В моей жизни, которая длится уже более четырёх десятков лет, было великое множество прекрасных людей, ярких событий, осадных падений и ярких взлётов. Когда душная мансарда и скверная, не питьевого качества вода не закрывают общей картины минувших десятилетий, порой у меня захватывает дух, - сколько своих и чужих стихов, столько странствий, борьбы, столько фотографий и живописи, - гармонии, проявленной в том или ином ключе – было в ней. Возможно, если бы не эпидемия и война, - если называть вещи своими именами, - я обрёл бы голос, которым бы смог поведать об этом современникам и потомкам, передав весь поразительный в своём разнообразии опыт, но… Мне не повезло, и голос этот я употребляю, преимущественно, для того, чтобы Вы слышали в телефонной трубке:
«Здравствуйте! Вас беспокоит исследовательский центр…»
И хотя бы в это время я забываю о боли в ногах.
В ней, - жизни, - был и такой эпизод.
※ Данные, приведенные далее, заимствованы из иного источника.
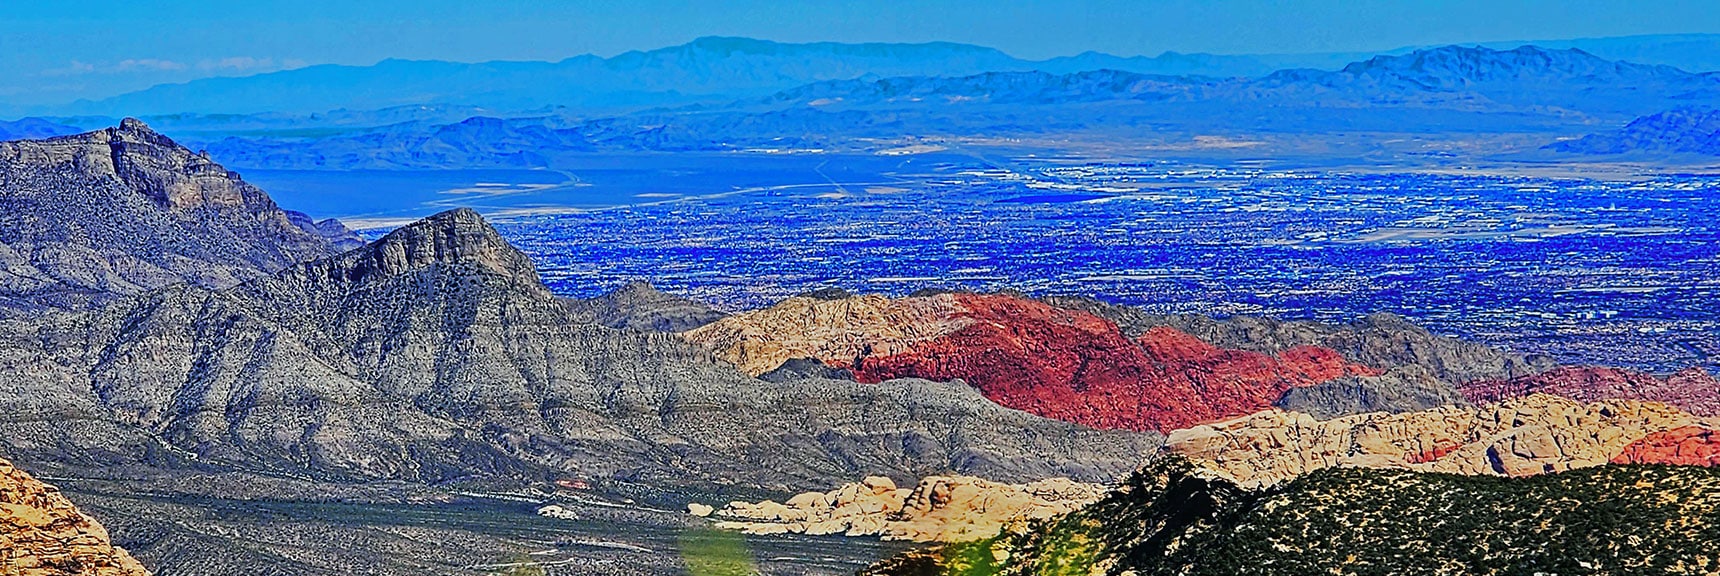 Calico Hills. Las Vegas Valley Beyond. | Mini Matterhorn Pinnacle | Wilson Ridge | Lovell Canyon, Nevada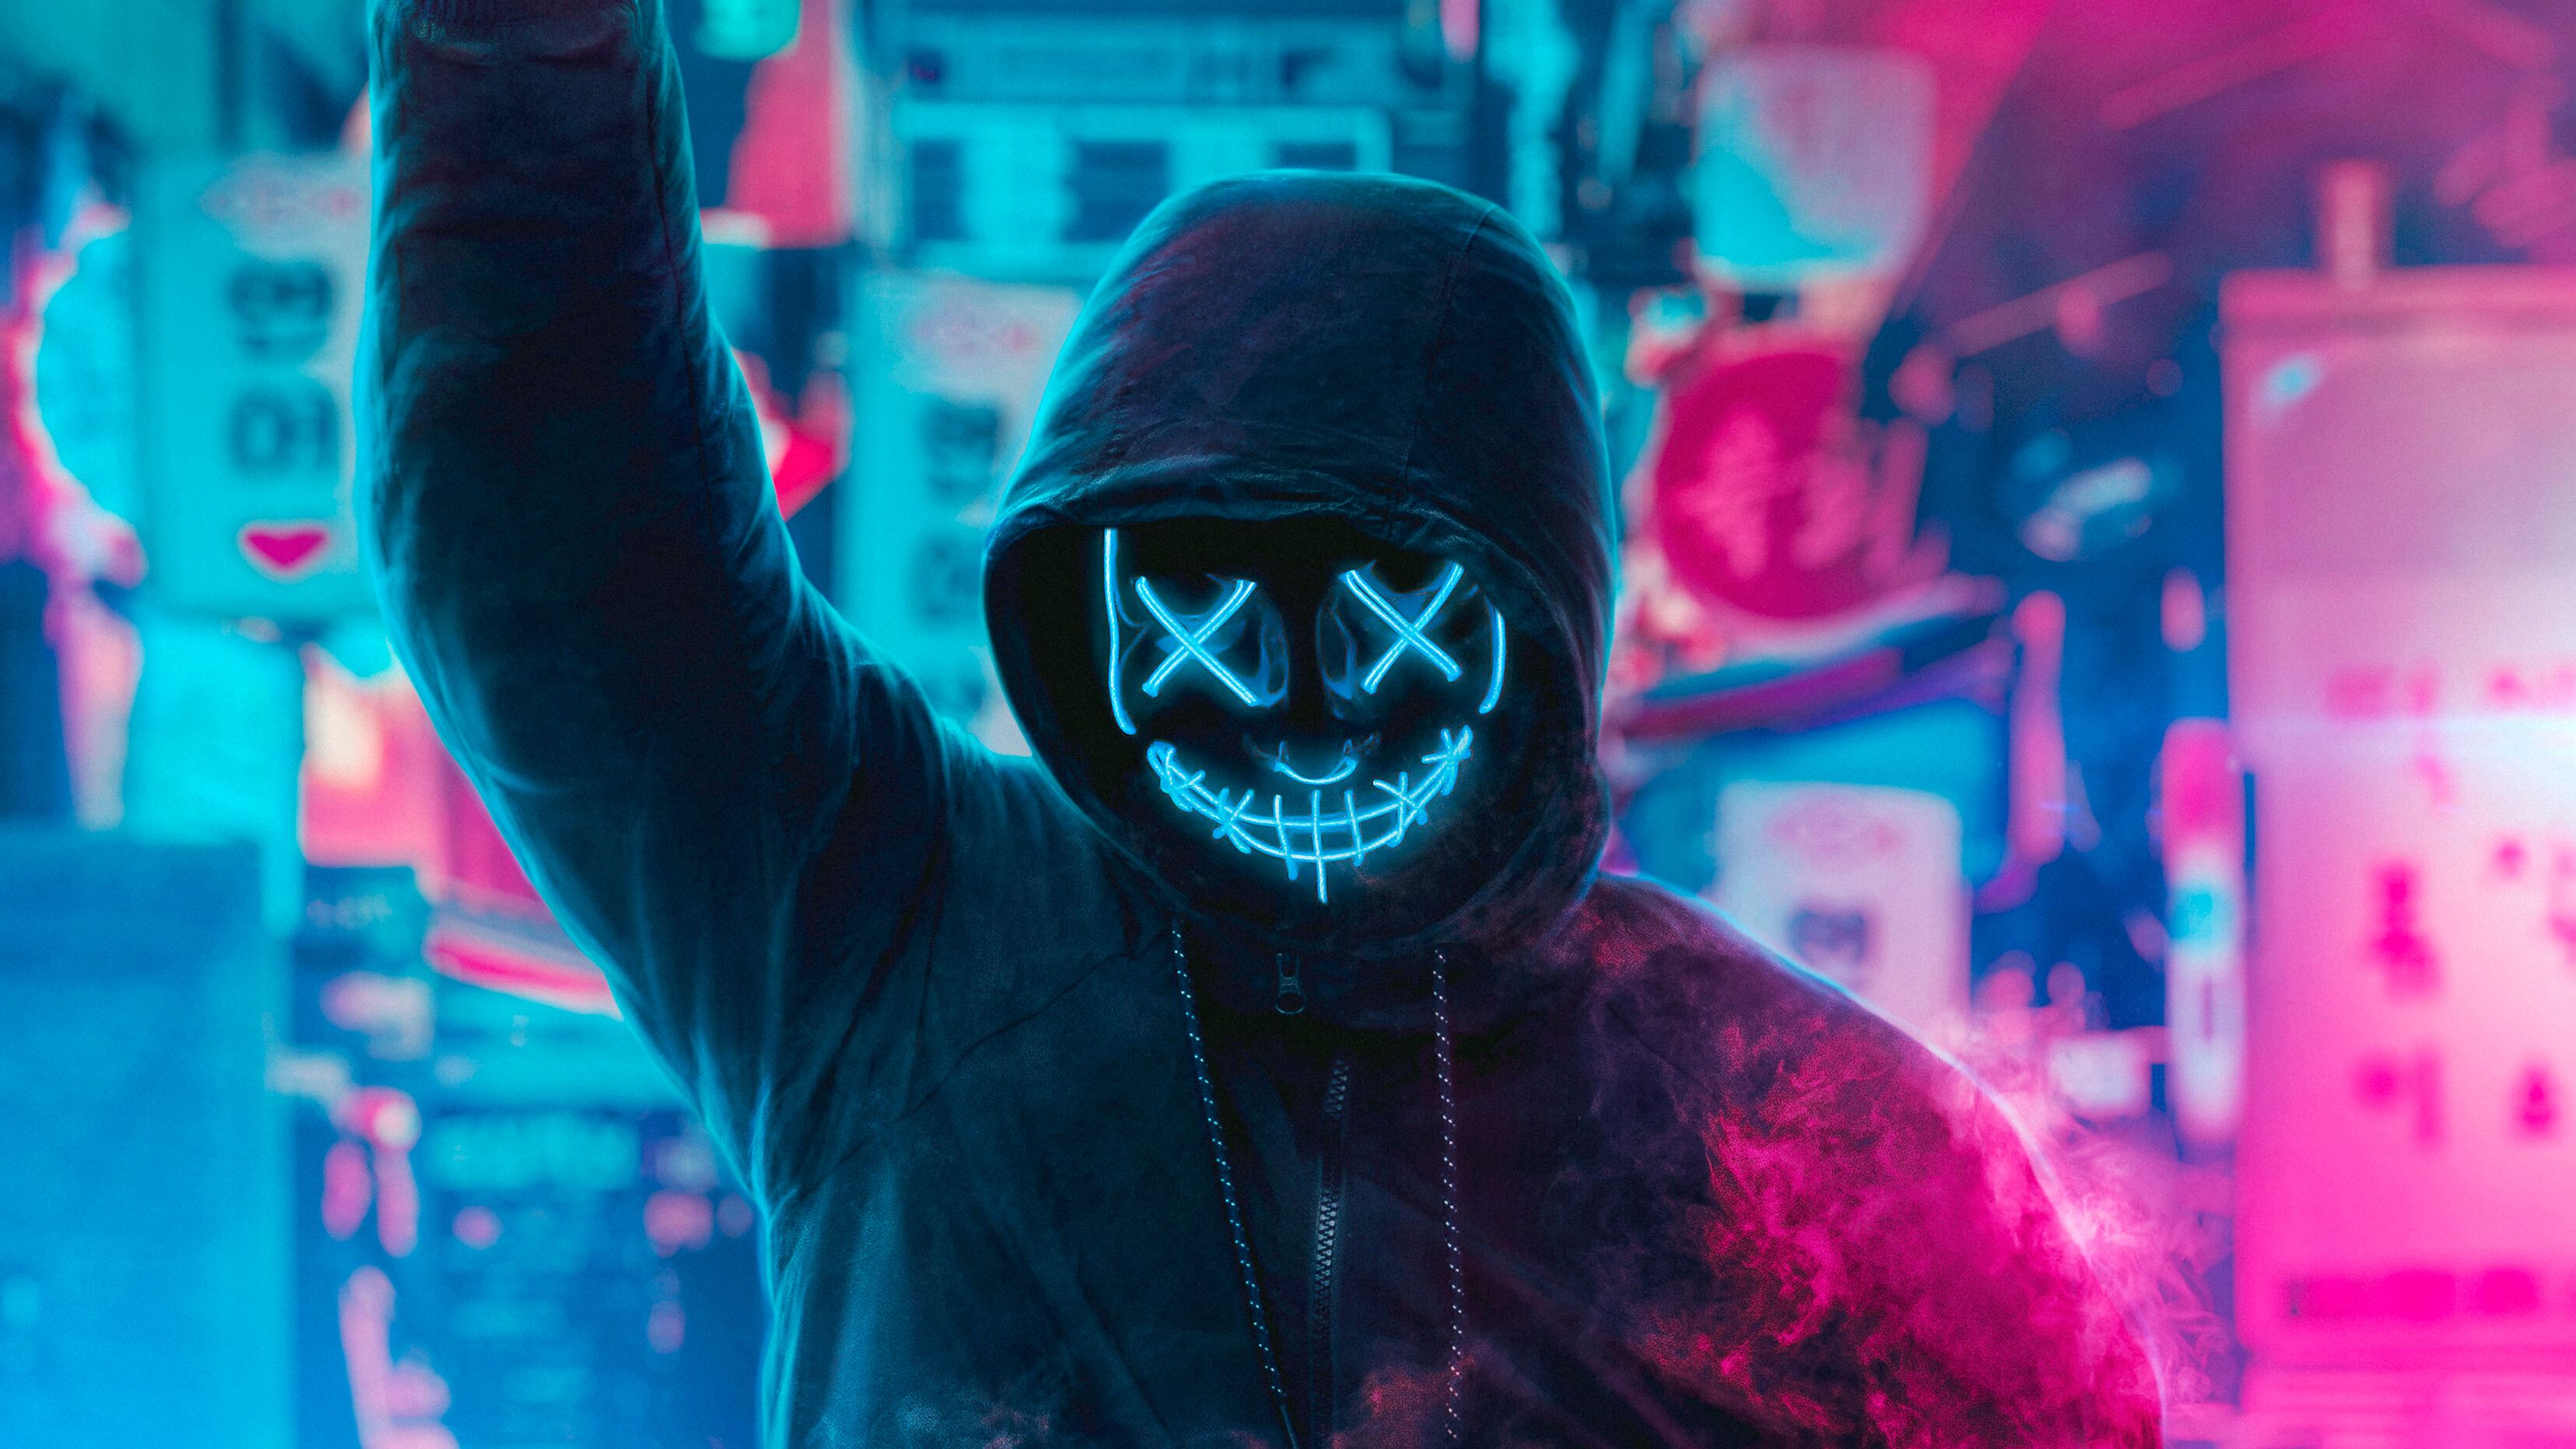 Mask Guy Neon Eye Wallpaper and Background Image

В пору, когда я отказался от выпивки и жизни с супругой, склонной к пьяным дракам, вернулся в отчий дом и кропотливо, неделя за неделей, разбирал с психологом все причины сложившейся непростой ситуации, мы нередко ездили с отцом к его брату в Петербург. Инициатором поездок был, преимущественно,  я, потому что старцы между собой не слишком ладили, но однажды в Петербург нас сорвал сам дядя, - скоропостижно скончалась его ветхая, дореволюционная мать, с которой он жил. Большую часть суеты и беготни по части тёткиных похорон взял на себя отец, в том числе – и замену старых, уже обветшавших надгробий на видном, привилегированном участке прямо возле входа на *** кладбище.
Нам позвонили из кладбищенской конторы утром, сообщив, что всё готово и можно приезжать. Два простых деревянных креста, порытых для защиты от непогоды лаком, стояли возле входа. Служители выдали накладные, чеки и беззвучно растворились куда-то; мы с отцом помялись возле дверей немного и решили, что донесём их сами, - в ту пору ноги не подводили меня, да и у отца проблем было куда меньше. Взвалив оба креста, мы отправились к кладбищенским воротам мерным шагом, едва ли нога в ногу, не торопясь и не делая остановок, не разговаривая - лишь шли к могилам рода Л., неся груз.
Оба креста были совершенно одинакового веса и идентичного размера.